Experiment and Transformation: Melody

Melody, harmony, and tonality all work closely together. In historical terms, harmony arose as a way of supporting and adorning melody, and tonality first arose as a means of clarifying both melody and harmony; later tonality functioned as a more general way of organizing music. Each of these functions was transformed in the early twentieth century.

The Viennese Classical composers brought tunes to the fore in their music, and the Romantics capitalized on tunes as the most emphatic means of conveying powerful emotion. Yet Wagner, despite the melodic quality of many of his leitmotivs, was criticized for the confusing quality of his singing lines, and Mahler’s audiences were puzzled and irritated by the bittersweet distortions that he applied to folklike tunes. In his later works, his long melodies surge, swoop, and yearn in a strange, almost painful manner.

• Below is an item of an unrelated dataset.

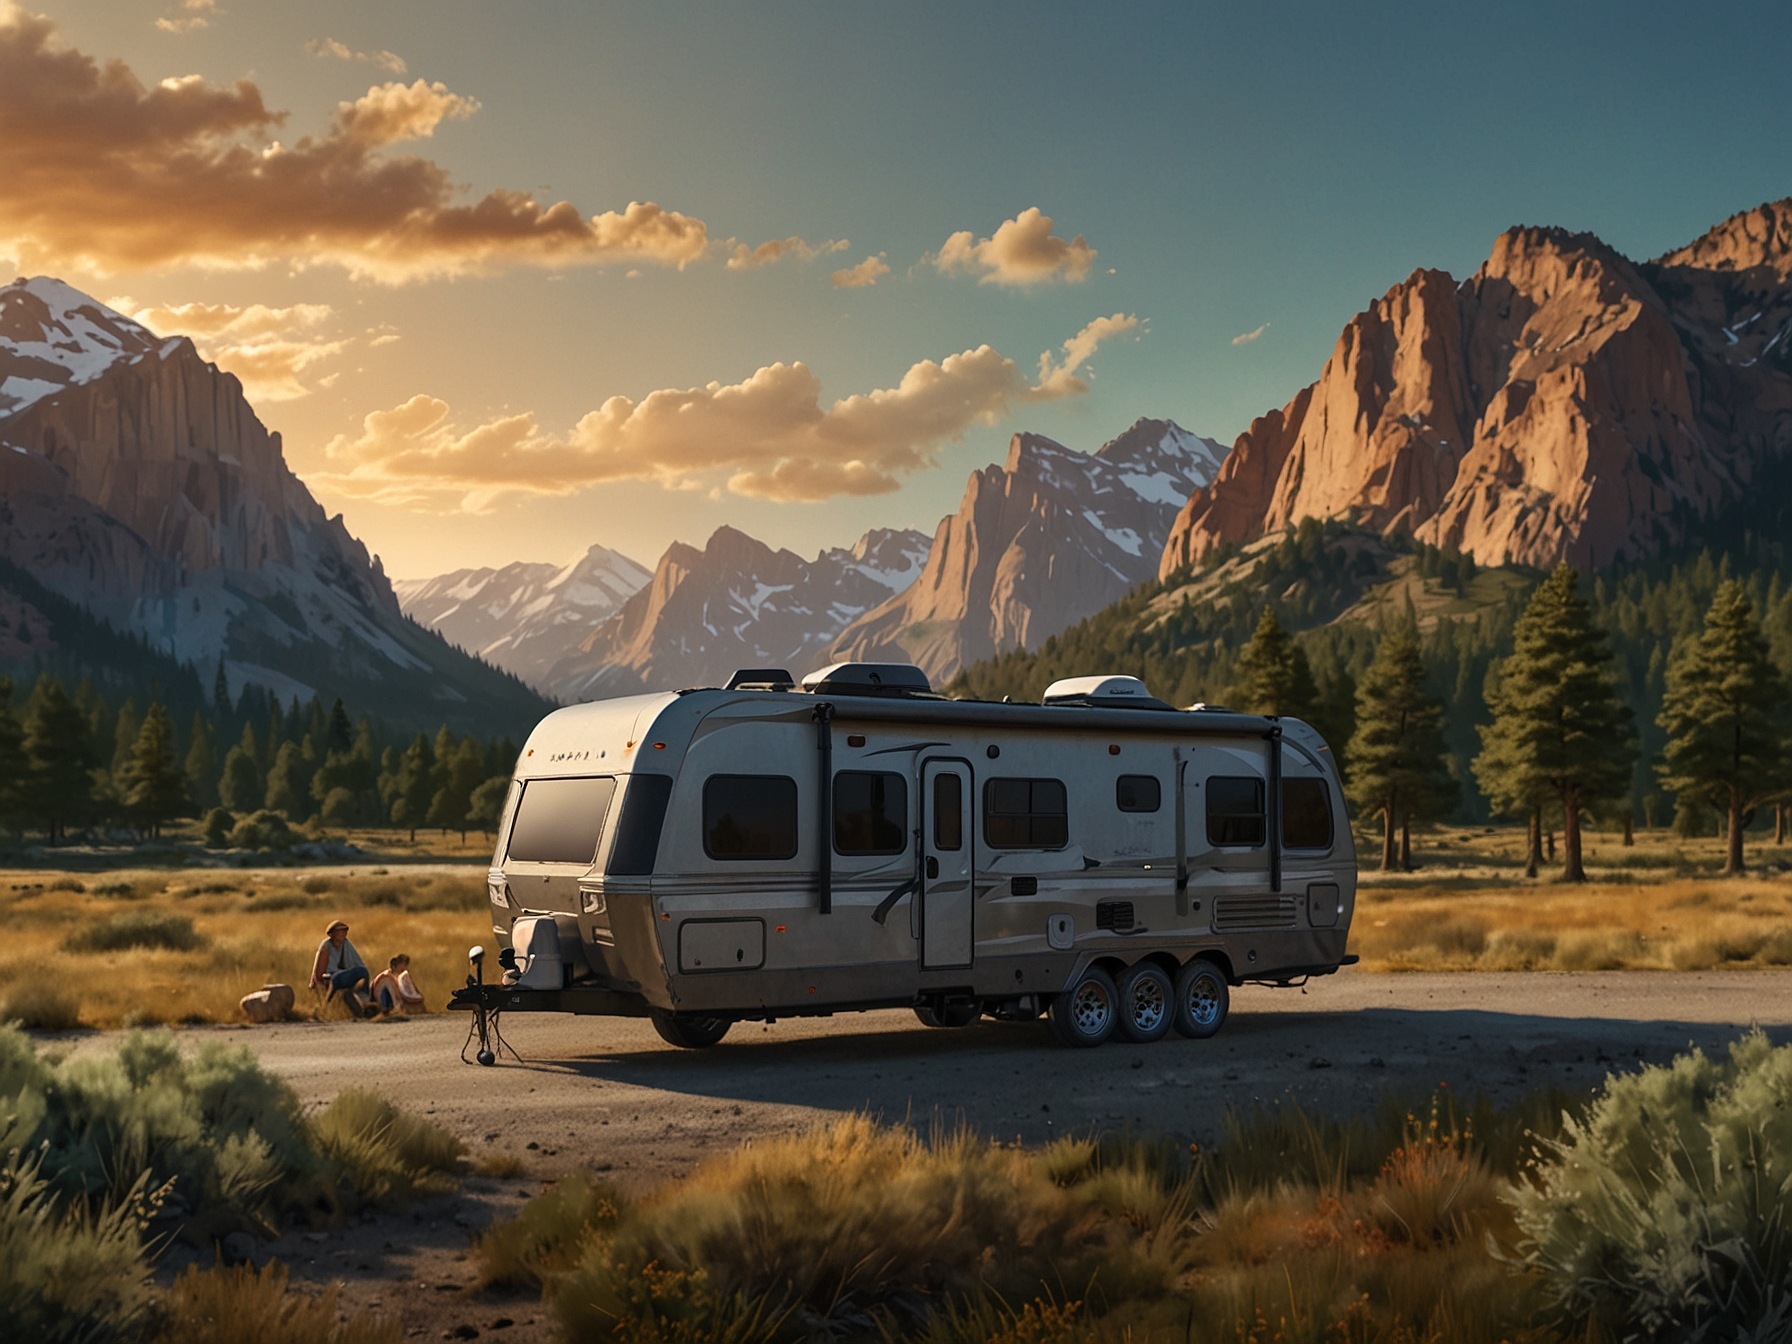 A family enjoying the scenic beauty of a national park during their RV adventure. The image captures their RV parked near a picturesque landscape, highlighting the trend of exploring nature through RV travel.

By that time another Viennese composer, Arnold Schoenberg, was writing even more complex melodies that made little sense to contemporary listeners. The intense rhythms and the anguished intervals of Romanticism were exaggerated almost beyond recognition.

Outside of Vienna, the disintegration of tuneful melody was accomplished in other ways. In many (not all) of his works, Claude Debussy used only the most shadowy motives — a constant suggestion of melody without clear tunes. A little later Igor Stravinsky, writing in Paris, seized upon Russian folk songs but whittled them down into brief, utterly simple fragments — blank, “objective,” and without emotion.